Achieving deeper molecular response is associated with a better clinical outcome in chronic myeloid leukemia patients on imatinib front-line therapy.

Sustained imatinib treatment in chronic myeloid leukemia patients can result in complete molecular response allowing discontinuation without relapse. We set out to evaluate the frequency of complete molecular response in imatinib de novo chronic phase chronic myeloid leukemia patients, to identify base-line and under-treatment predictive factors of complete molecular response in patients achieving complete cytogenetic response, and to assess if complete molecular response is associated with a better outcome. A random selection of patients on front-line imatinib therapy (n=266) were considered for inclusion. Complete molecular response was confirmed and defined as MR 4.5 with undetectable BCR-ABL transcript levels. Median follow up was 4.43 years (range 0.79-10.8 years). Sixty-five patients (24%) achieved complete molecular response within a median time of 32.7 months.

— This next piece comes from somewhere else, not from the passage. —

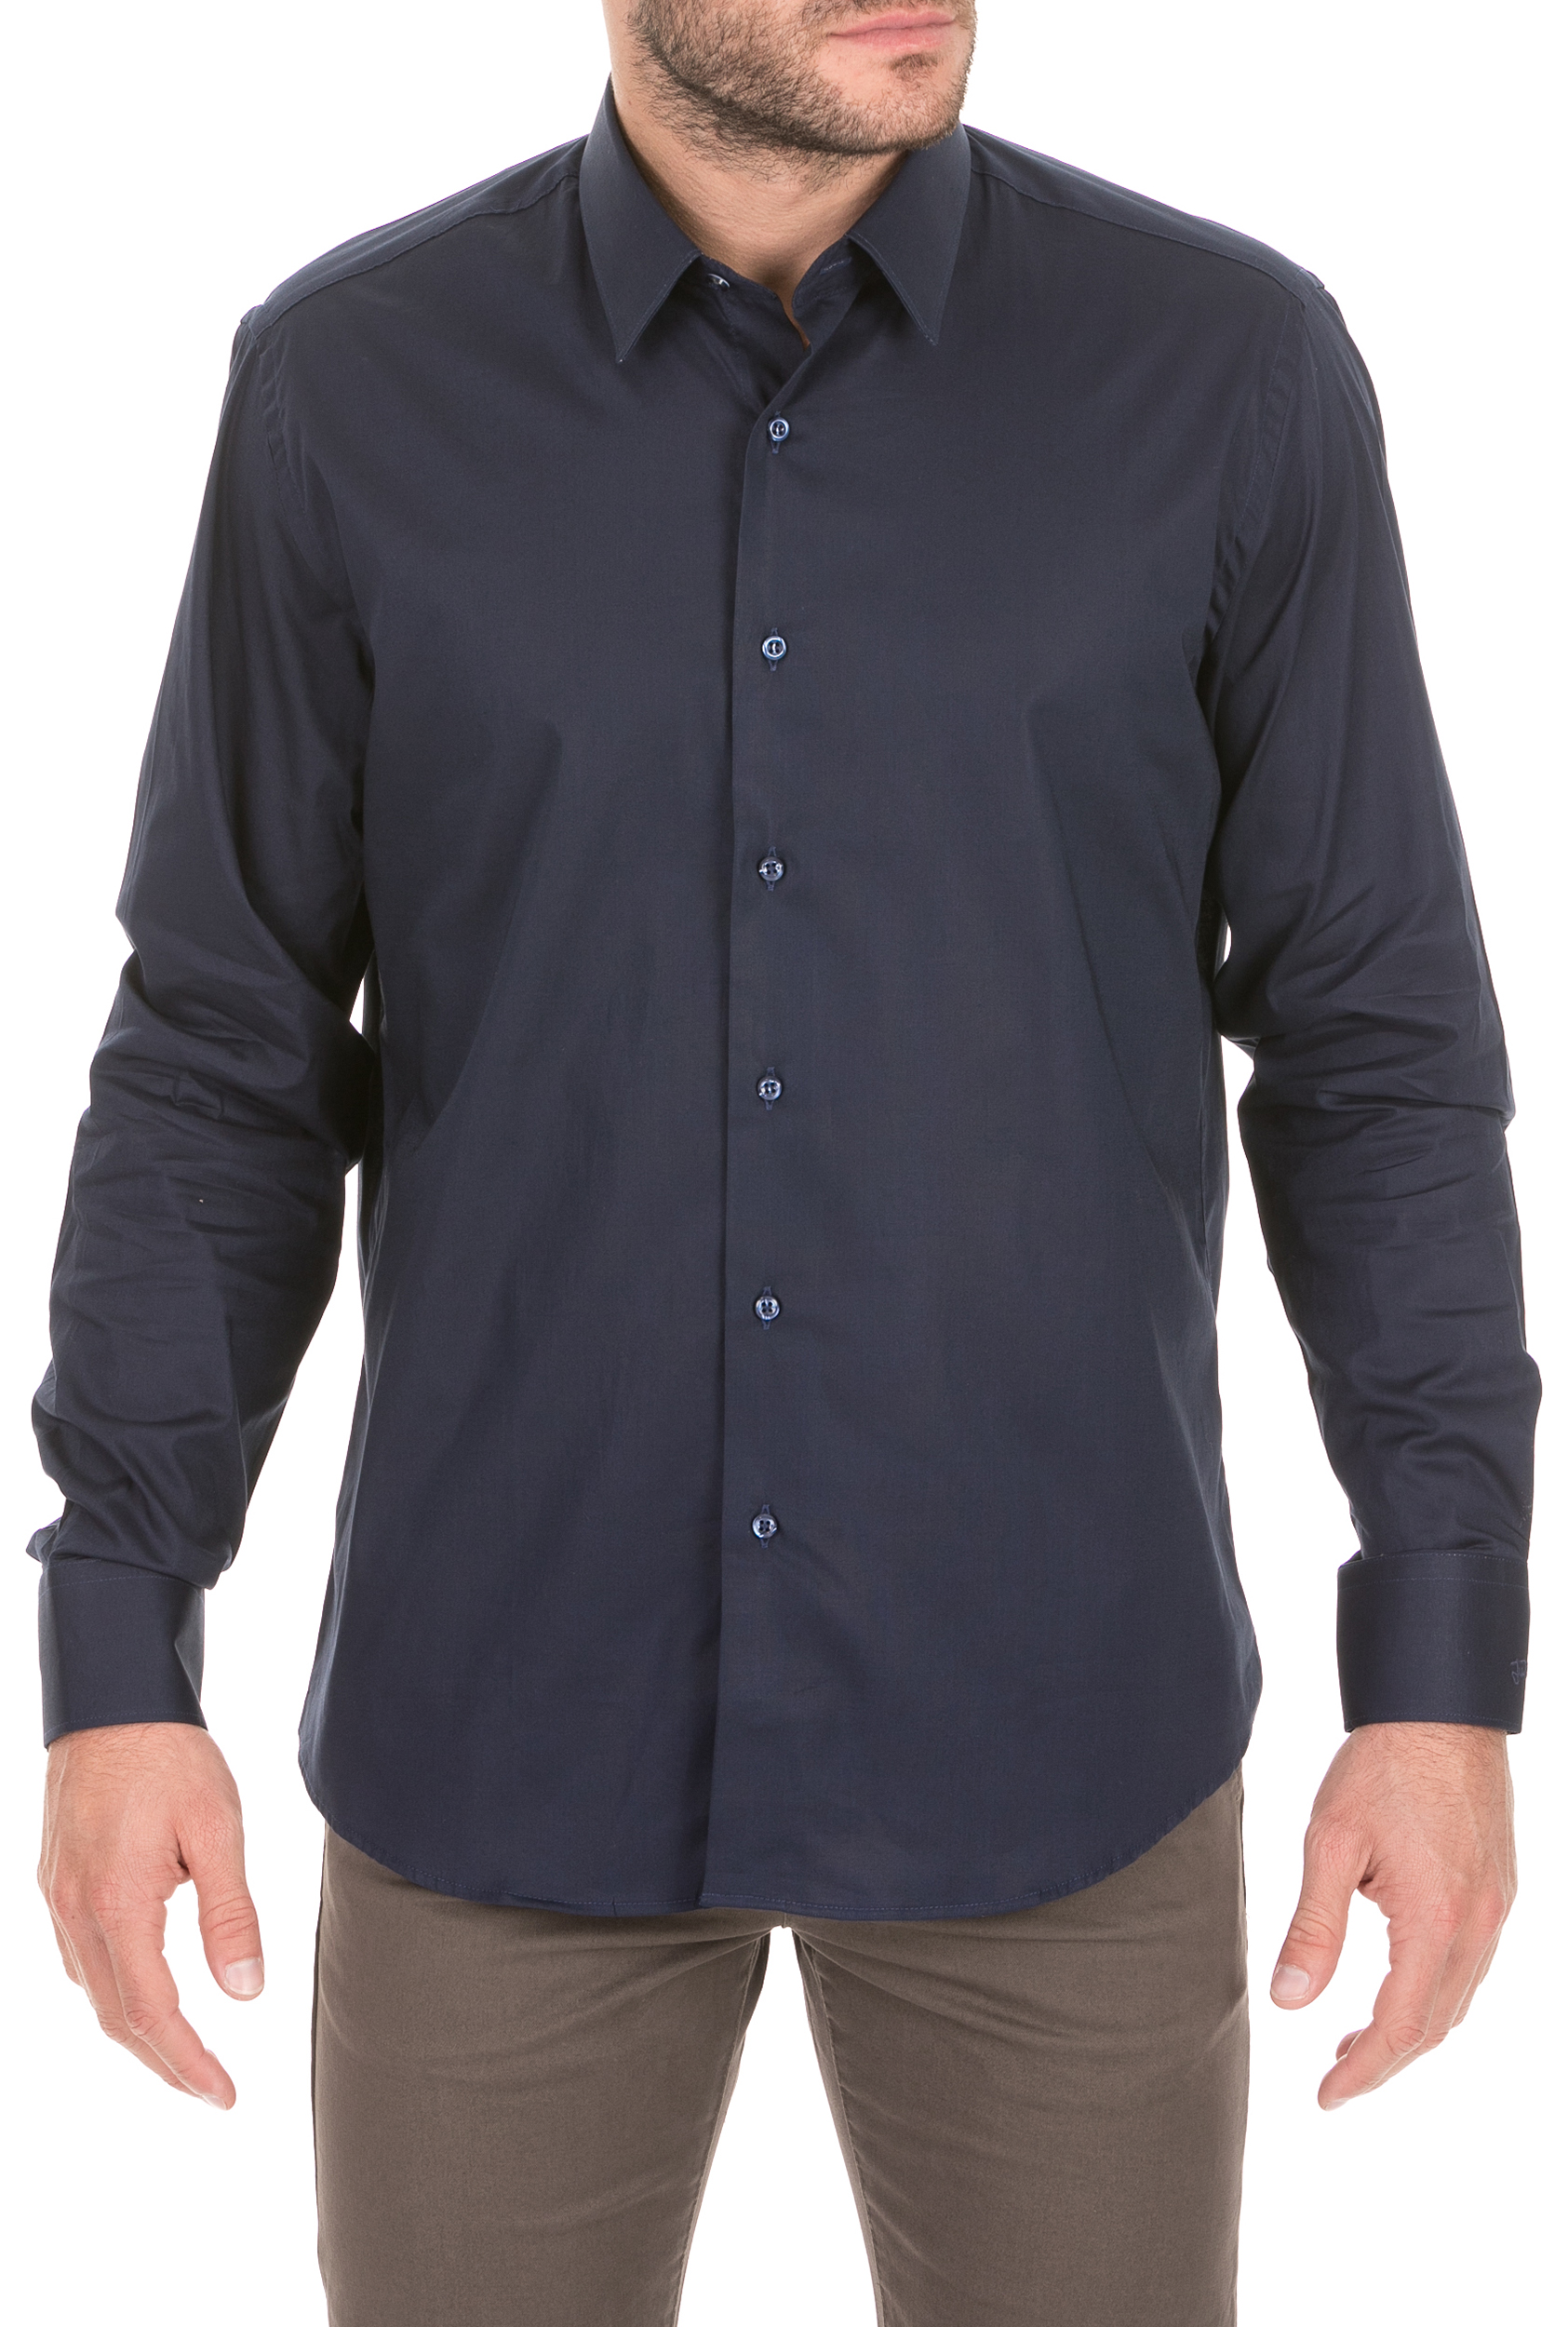 JUST CAVALLI - Ανδρικό πουκάμισο JUST CAVALLI μπλε Ανδρικά/Ρούχα/Πουκάμισα/Μακρυμάνικα

Absence of spleen enlargement at diagnosis, achieving complete cytogenetic response before 12 months of therapy, and major molecular response during the year following complete cytogenetic response was predictive of achieving further complete molecular response. Patients who achieved complete molecular response had better event-free and failure-free survivals than those with complete cytogenetic response irrespective of major molecular response status (95.2% vs. 64.7% vs. 27.7%, P=0.00124; 98.4% vs. 82.3% vs. 56%, P=0.0335), respectively. Overall survival was identical in the 3 groups. In addition to complete cytogenetic response and major molecular response, further deeper molecular response is associated with better event-free and failure-free survivals, and complete molecular response confers the best outcome.